Egypt - Religious Flexability

New York Times has an interesting article, built around an interview with Gamal al-Banna, brother of the famous Hassan al-Banna... on "diversity" in views being published relative to religious thinking: Hints of Pluralism Begin to Appear in Egyptian Religious Debates .

I am not entirely convinced of the thesis, that with alternative media, a more liberal, flexible face is getting published or read more than in the past. Perhaps, but Gamal al Banna's thinking, as thumbnailed in the arty, strikes me as relatively typical of the sort of thing that the prosperous, confident middle class and elite say in private. Not in public, but in private. Or among intellectuals of whatever social class.

Now, one thing that is most important is the lack of official cover:

It is difficult to say exactly why this is happening. Some of those who have begun to speak up say they are acting in spite of — and not with the encouragement of — the Egyptian government. Political analysts said that the government still tried to compete with the Muslim Brotherhood, a banned but tolerated Islamic movement, to present itself as the guardian of conservative Muslim values.
My observation is it's better to not have official encouragement. In general in the MENA region, to have official encouragement in religious areas is almost automatically to going to discredit you. What one does need is simply official forebearance (i.e. not hauling you off to court as an apostate).

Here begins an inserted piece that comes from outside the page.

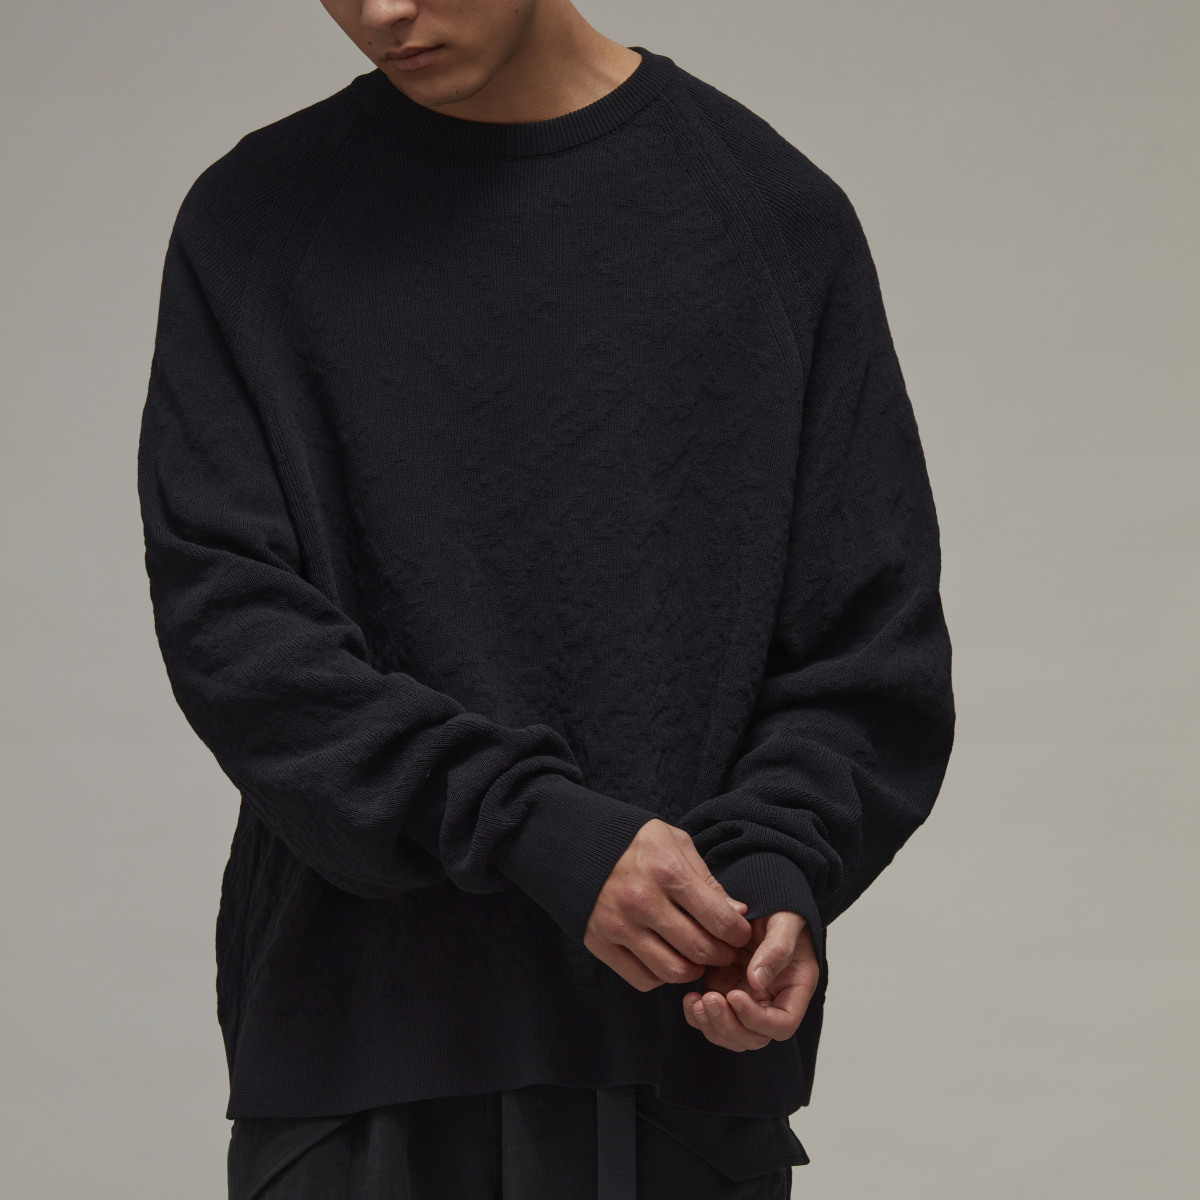 Adidas Y-3 Knit Crew Sweater. 9

Nevertheless, while I have some doubts as to the real current penetration of more liberal approaches to religious thinking (I might call it lifting the dead hand of salafism and returning to real thinking), it is without doubt a real opportunity to have fairly free press and alternatives outlets at least airing ideas.

“Salman Rushdie was less of a disaster than Sayyid al-Qimni,” said Mr. Badri in a television appearance on O TV, an independent Egyptian satellite channel. “Salman Rushdie, everyone attacked him because he destroyed Islam overtly. But Sayyid al-Qimni is attacking Islam and destroying it tactfully, tastefully and politely.”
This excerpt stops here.